My personal recipe for a better holiday season:
1 cup spiritual time
1 cup exercise
1 cup demands for chores around the house
2 cups relaxation time – read, watch a movie, extra time with Murphy (the dog), an extra walk
2 cups family time
2 cups friend/social time (I’m an introvert though, an extrovert may need more, adjust to taste)
Add spices to taste (music, candles, cuddly pj’s, a cup of decaf tea, a special book)
Mix with care and then spoon out into daily portions.
Sprinkle liberally with love.
Take only one portion each day!
Ongoing Concerns: This is the depression, new cancer diagnosis, health concern, business challenge(s), etc. All of this I believe we need to both care for and limit. There are only so many business days between now and the 31st of December. Only so many hours at work. And even if we need the MRI for the dog, the PET scan to evaluate cancer and how it’s spreading – or not, the blood test results for our health concern, or the resolution of our depression – only so much CAN happen in the next 15 days.
Today, for example, I needed to schedule an MRI for Murphy. And no matter how much I wanted that done today – I could not control all of those who had to work to make that happen.
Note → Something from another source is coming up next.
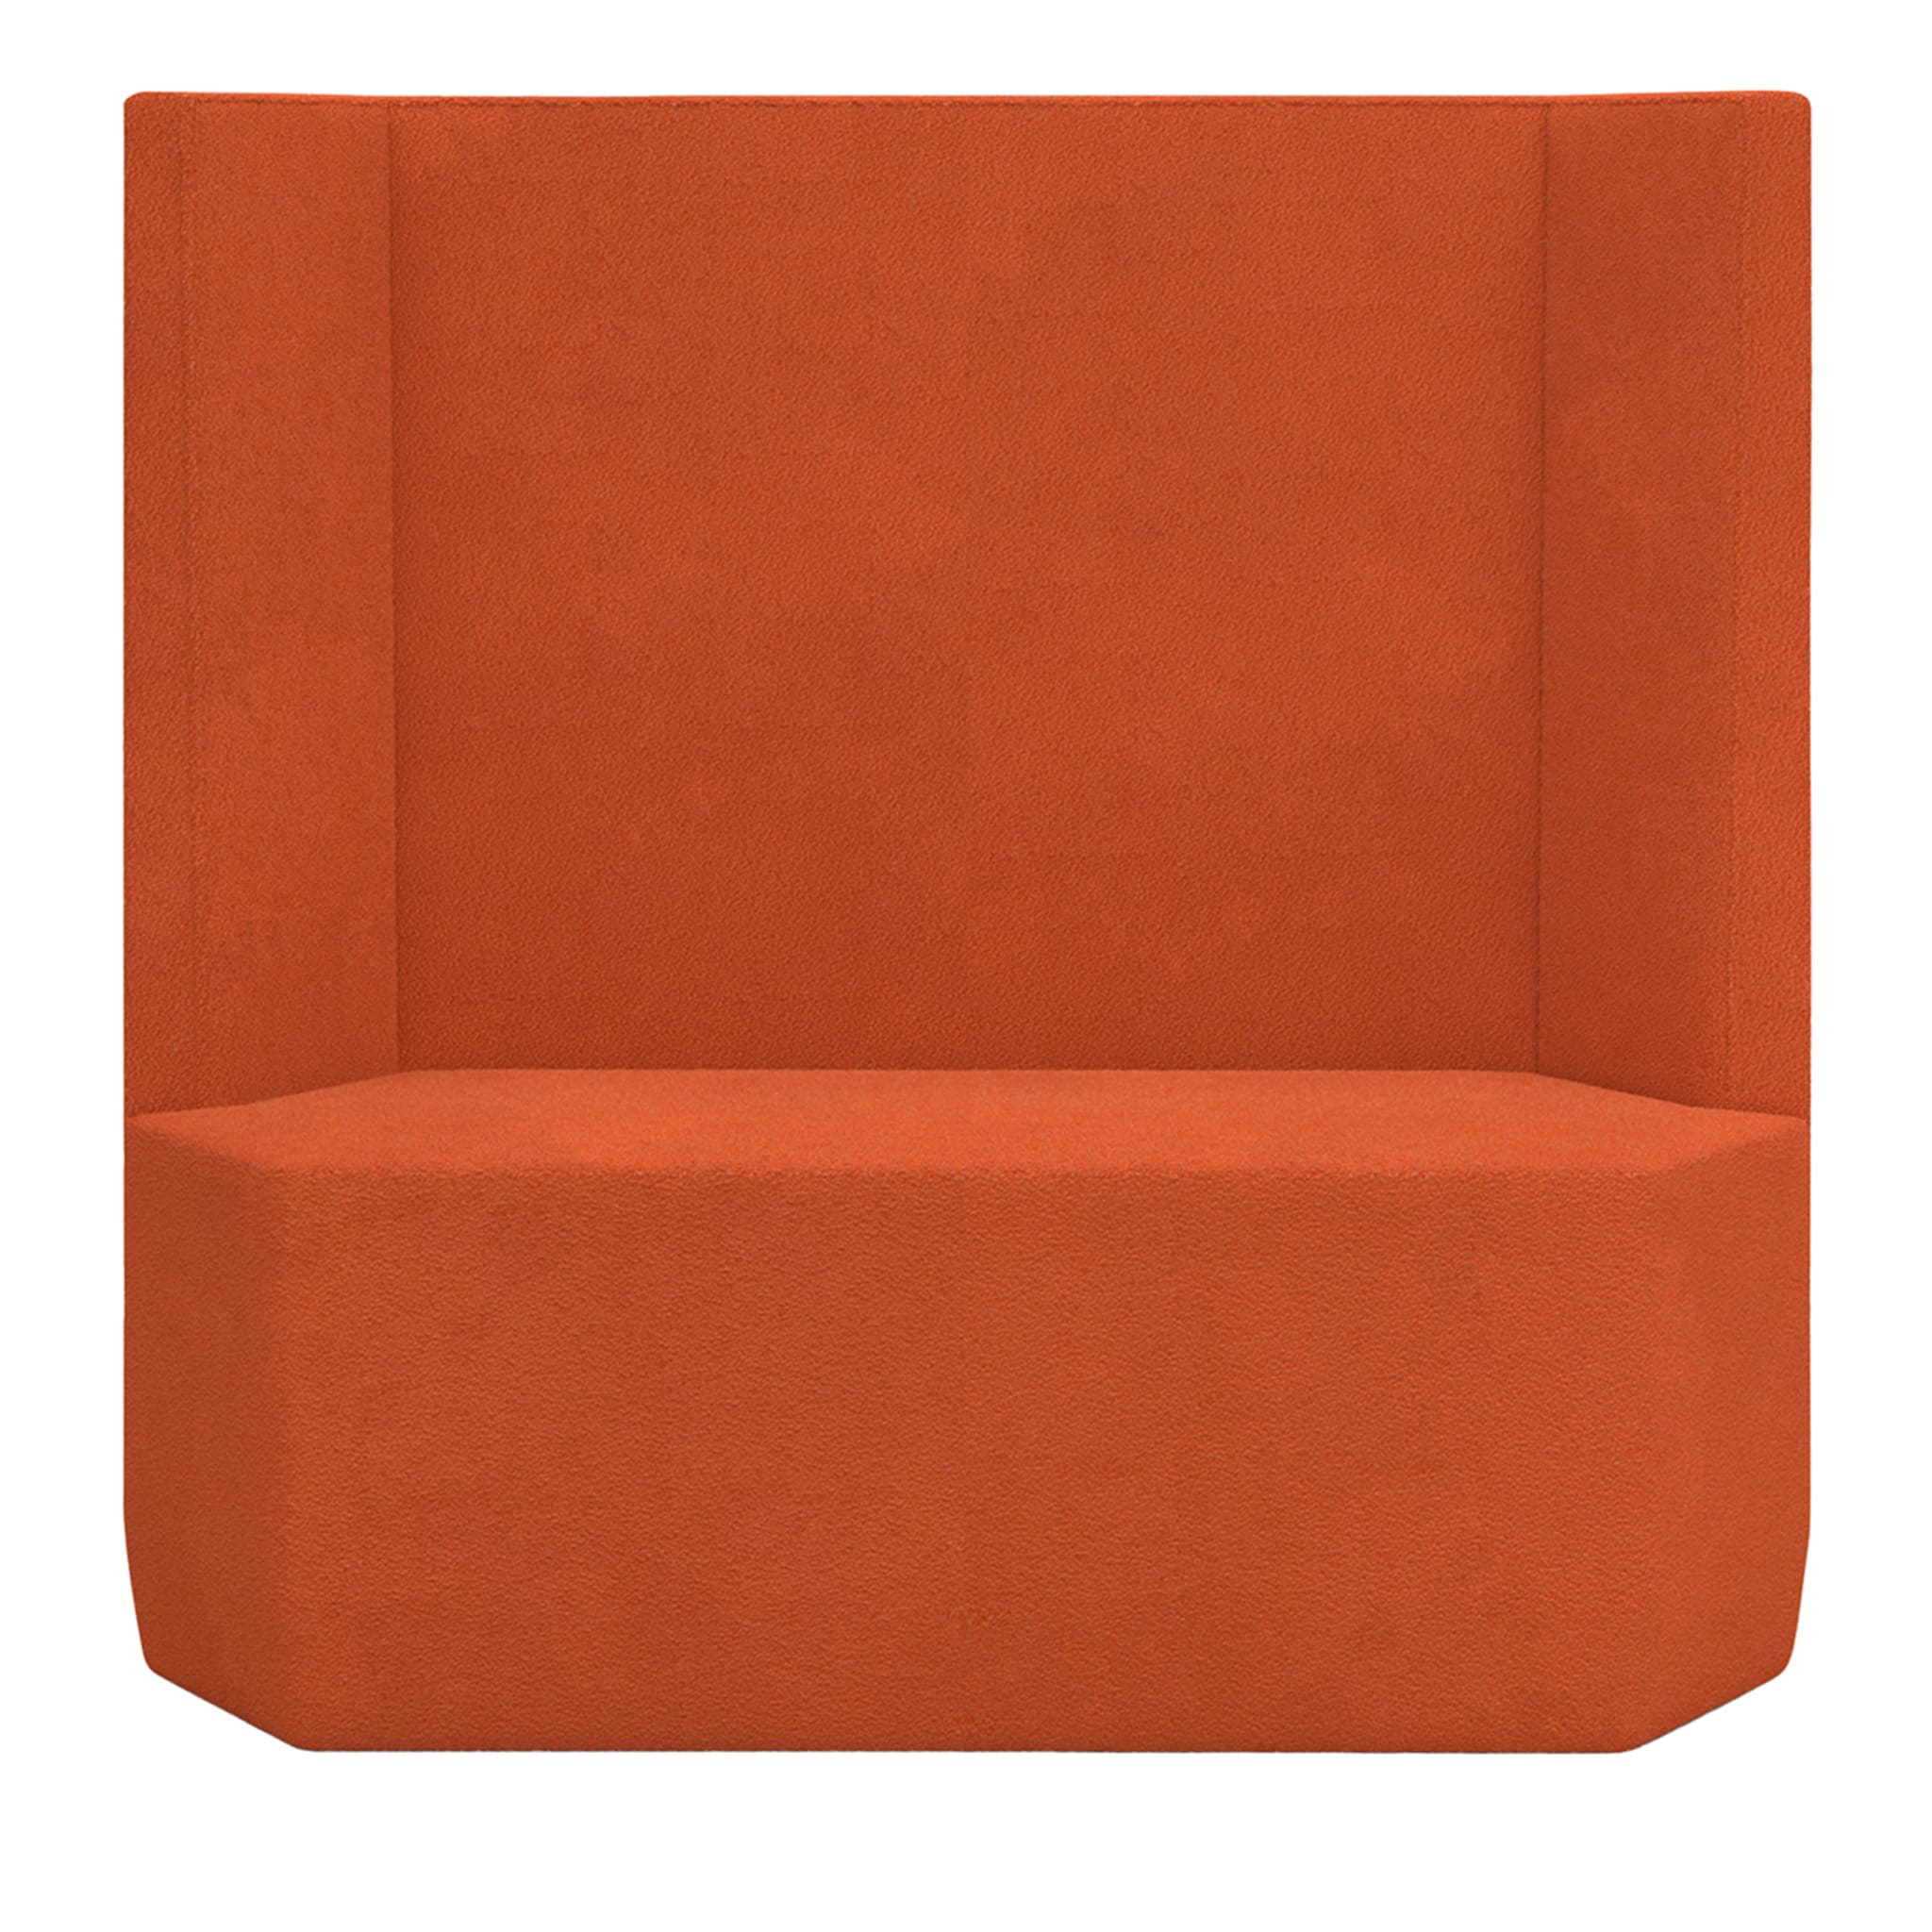 Tigram Großes orangefarbenes sofa von Italo Pertichini - Hauptansicht

So, I had to work to accept, look, I’ve done all I can, it’s either going to be scheduled today, or I’ll see what I can do on Monday. One last call came and it happened. Then the printing job came back not exactly as it was expected to look. I could get upset – or I could realize it looks fine, just not as expected. So…acceptance was in order. But each was a choice. I wish I could say I reacted so well each day, I don’t, I’m not perfect, but thankfully today I was able to work on acceptance one thing at a time. And, in the midst, I kept a priority to be present to my clients – anything else could wait.
So, what am I suggesting? Again, decide what and how much time to give the items on your agenda. Today mine were;
- Get Murphy to vet
- Take action on what vet suggests
- See clients
- Write blog
- Look at report
- Handle emails
What helped was the agenda set ahead of time. And knowing that I could always add more – if I had time. But otherwise, this was it. Tonight – that’s different. I see tea, a good book, and music in my future. But for now – I’m finishing up the business, then going to do some shopping.
So – let’s all try this – one day at a time. One agenda item at a time. And remember the mix – include some spirituality (today it’s music for me) and exercise (walking).
May you find your own recipe for peace today.